How US-China rivalry over technology is a front for a geopolitical quest for supremacy
Cary Huang says American frustration with China’s domestic and foreign policy changes underlies the US-China trade dispute that has recently centred on the hi-tech sector
It is probably a war over trade. But it is also a battle over technology. As the US and China veer towards a full-blown trade war, US President Donald Trump singled out Beijing’s “Made in China 2025” plan as a major threat to US economic interests that violates global trade rules.
The ongoing trade dispute emerged from a US Section 301 investigation which claimed that China’s unfair trade practices and state-backed industrial policy contravene both US and international trade law.
The “Made in China 2025” initiative, which was first unveiled in 2015 by the Chinese cabinet, led by Premier Li Keqiang, seeks to turn the country from the world’s factory into a global technology leader. As an industrial development guideline, it sets its sights on 10 strategically and technologically important sectors, including information technology, biotech, robotics, aerospace and clean-energy vehicles.
The plan is not necessarily incompatible with World Trade Organisation rules or any international laws. It is similar to Germany’s Industry 4.0 Strategy, which was a direct inspiration for the Chinese plan.
Watch: What’s the beef with the ‘Made in China 2025’ strategy?
But China’s political leadership is grooming the programme to produce national champions that can spearhead China’s dominance in the hi-tech sector, with the aim of eventually replacing foreign technology with domestic competitors. The State Council’s original notification on the programme included market share targets for China, such as to “realise guarantees of self-sufficiency” for 70 per cent of their “basic core components and important basic materials” by 2025. The programme has also been publicised as part of President Xi Jinping’s ambitious Chinese dream of “national rejuvenation”.

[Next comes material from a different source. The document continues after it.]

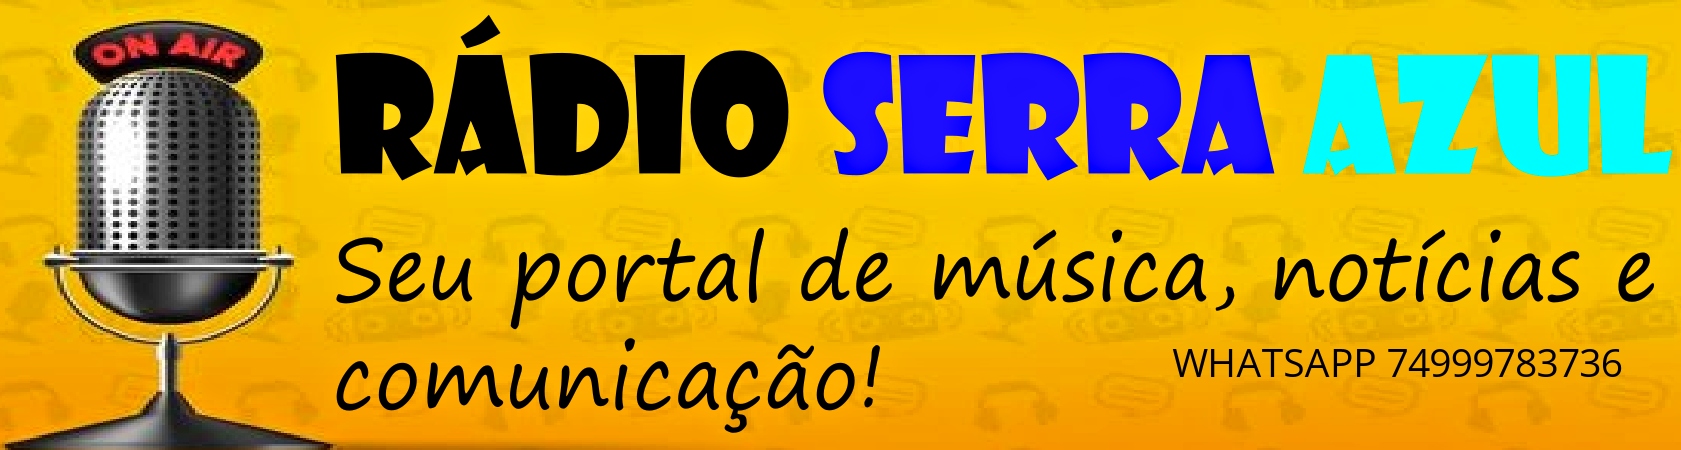 www.radioserraazul.net

At issue are the deep differences between China and the free economies, including the US, on macro management and the government’s role in the economy. Even after four decades of market reform, China still follows a model of state-directed capitalism, while the US – which played a key role in helping create the current global trading system – champions free markets and free trade, in which the government has a hands-off approach to business.
In sharp contrast, China’s leaders believe that a party-led and state-dominated economy is fundamental both to the future growth of the world’s second-largest economy and consolidation of Communist Party rule in the country. China has apparently ignored a backlash on its policies from its major trading partners and competitors.
It is not wrong for China to develop “indigenous innovation”, but the centrally planned programme includes measures, incentives and other forms of market protection to support domestic enterprises, which violate free market norms and possibly WTO rules. For instance, under the programme, Beijing intends to subsidise and provide loans worth around US$1.5 billion to domestic firms to pursue its objectives. The provincial authorities will provide another US$1.6 billion.
A recent survey conducted by the European Union’s Chamber of Commerce in China suggested that many foreign firms believe that the China strategy is “tilting the playing field in favour of Chinese players”, as 43 per cent of 532 European firms operating in China stated that they “have seen increasing discrimination against them under the plan”.
The widespread fear among US policymakers is that China is not only seeking to compete commercially with US, but also aims to seek military and geopolitical supremacy. The fears are also a reaction to what the US sees as the disappointing trends in Chinese domestic and foreign policy in recent years: China’s moves away from marketisation, the strengthening of Maoist authoritarian rule at home, and the abandonment of its “peaceful rise” diplomacy, advocated by late leader Deng Xiaoping, in favour of assertive behaviour in regard to its territorial disputes with neighbours in the East China and South China seas, and with Taiwan.
Watch: China redeploys surface-to-air missile systems on South China Sea islands
Many foreign affairs observers now see what is emerging as an undeclared but intensifying war over technology superiority and domination, with both commercial and military applications, between the world’s chief political and economic adversaries. Washington now apparently sees the US-China competition on technology as an issue of economic and national security.
Thus, the US administration is pushing back against attempts to undermine its competitive advantage. It is also trying to inflict as much pain as possible on China in an effort to disrupt its attempts to usurp America’s hi-tech dominance.